There is a better way — a free Python book on ECS + EBP

This started as a problem with extending an existing OOP application. The domain model didn’t fit the problem any longer. A serious refactoring was required. It bothered me.

Why did I write OOP in the first place? Why did I spend so much time migrating CRUD? All those abstractions weren’t free. Where did I go wrong?

It is very hard to go up against mainstream ideas. Every textbook is OOP + CRUD, and so every coding agent wants to write OOP + CRUD. But the pointer chasing fights raw performance, and the rigidity of the domain model makes development slow.

After twenty years I’ve had enough. I committed to Entity-Component-Systems (ECS) and Existence-Based Processing (EBP). This book is the lessons I learned.

You don’t need OOP. You need systems.
You don’t need abstractions. You need code that’s friendly to the metal.

The Python edition (sister Rust edition exists too) is here:

Forty-four sections. Every claim is backed by a measurement you can run on your own laptop in under a minute. Work in progress. No paywall.

I’m not sure this is the right forum for it, but welcome any questions. I just wanted to drop this and say: There is a better way.

(please help me to tag it where it belongs).

Looks interesting Bjorn - thanks.
Did you find the effort required for ECS was worthwhile in Python, without the explicit control over how objects are stored in memory that seem to facilitate many of its performance advantages?
Does anything make it a still useful paradigm, nonetheless?

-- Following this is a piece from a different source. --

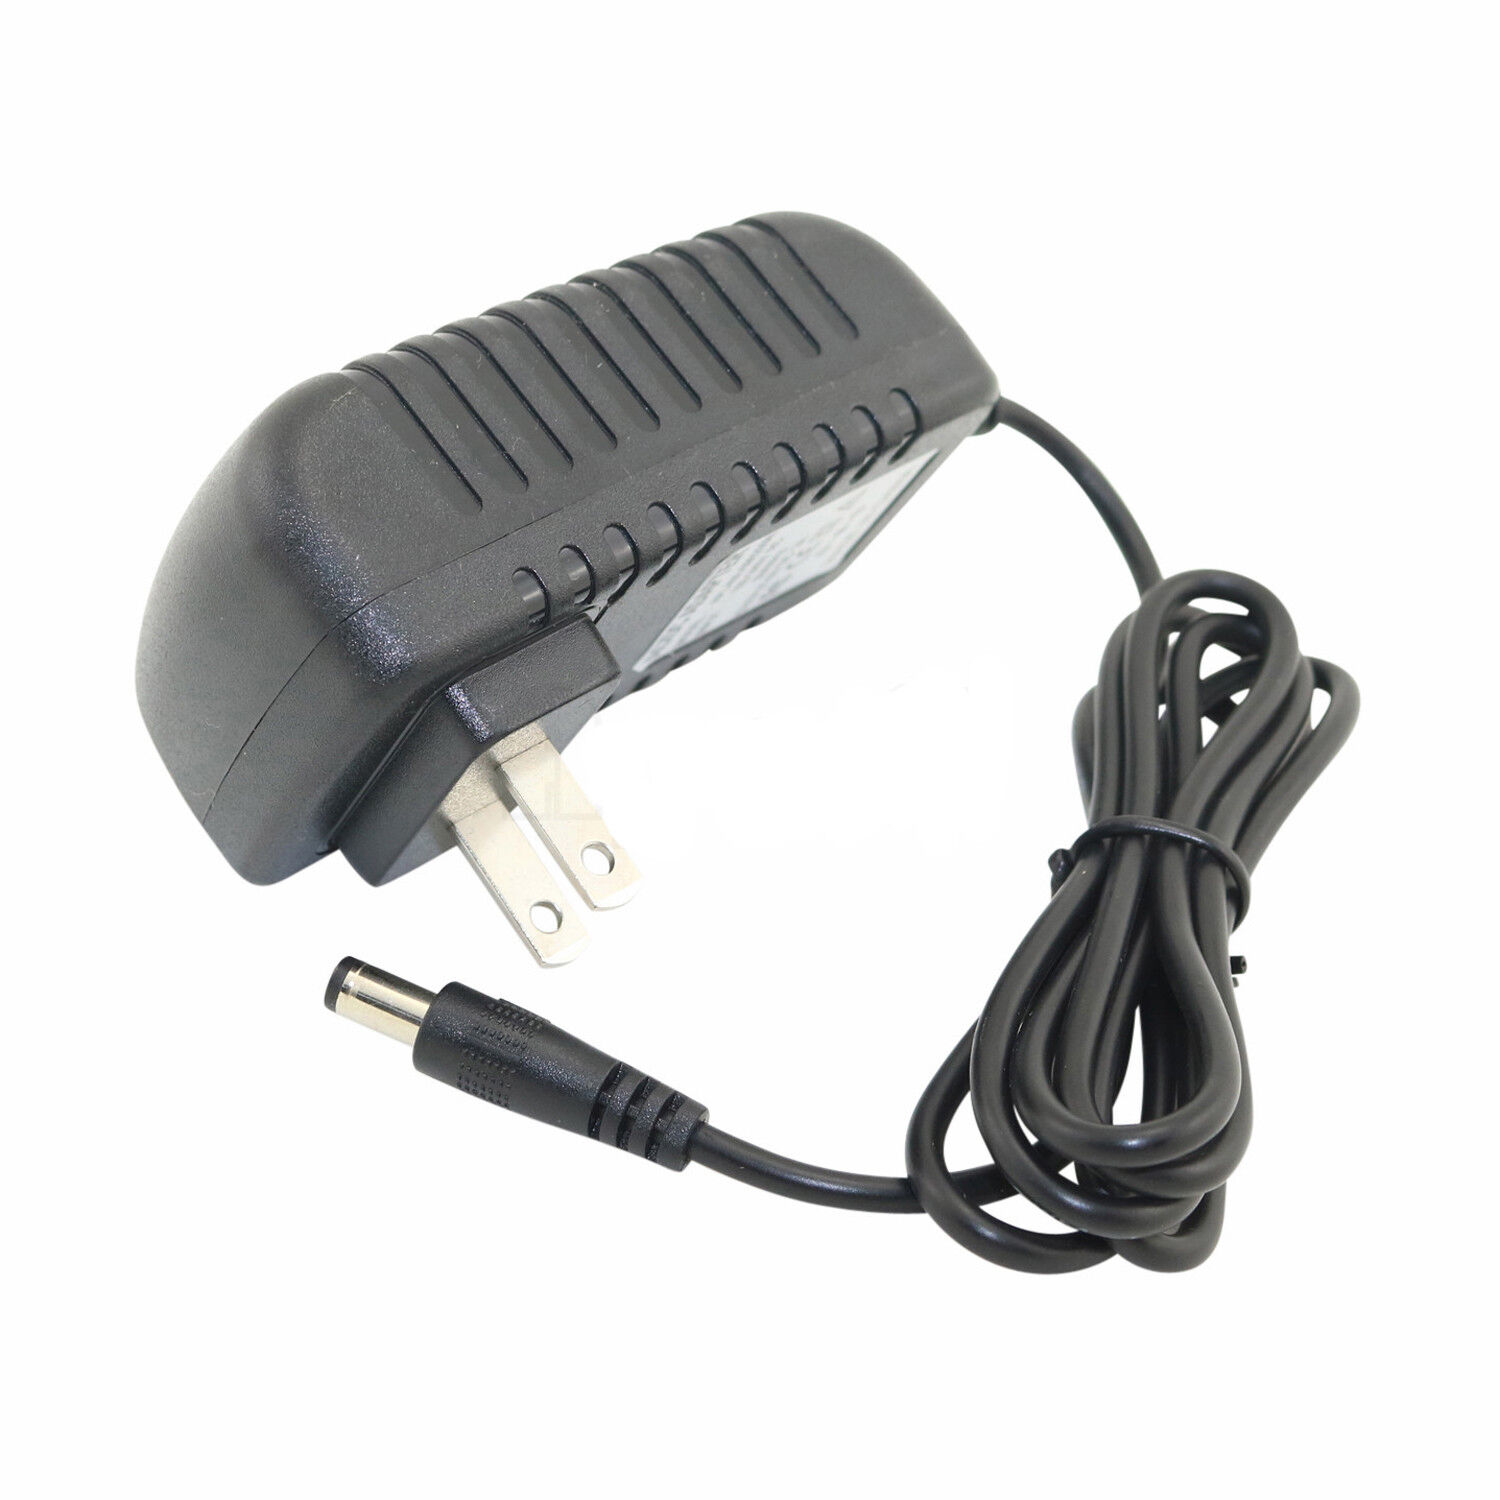 AC Power Supply Adapter for Horizon Fitness Comfort Recumbent Exercise Bikes Country/Region of Manufacture China Type A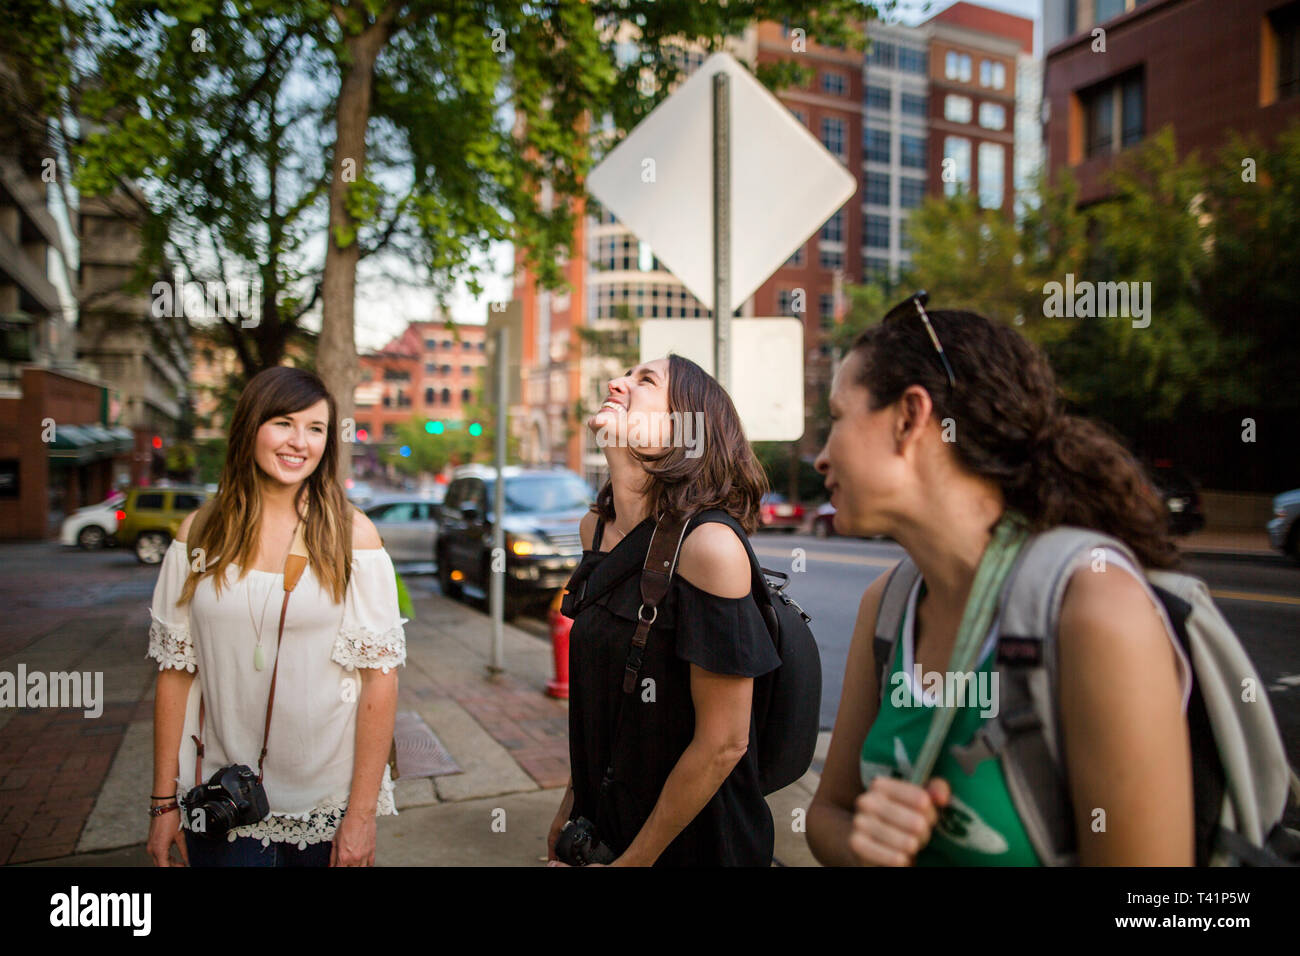 a group of laughing women tourists stand on a city street corner Stock Photo

Short answer: yes — and since the question is really about effort, three reasons, roughly in the order they paid off.

First, it’s cheaper to extend and to test, which is the part that has nothing to do with speed. Once you stop modelling entities as objects and start modelling them as columns, a new feature is an addition rather than a restructuring — a new column, or a new presence table plus the system that drives it, bolted on without touching what’s already there. Existence-based processing makes that nearly free at runtime too: a system iterates only the entities that currently have the component, so an absent state is an empty loop, not a branch you pay for on every instance. The OOP equivalent — new field, new branch, new subclass — tends to mean re-engineering the model rather than patching it. Testing falls out of the same shape: a system is a function over arrays, tested in isolation (or against a protocol) with no object graph to assemble first. The effort is front-loaded into the SoA mindset; after that the marginal cost per feature drops instead of compounding.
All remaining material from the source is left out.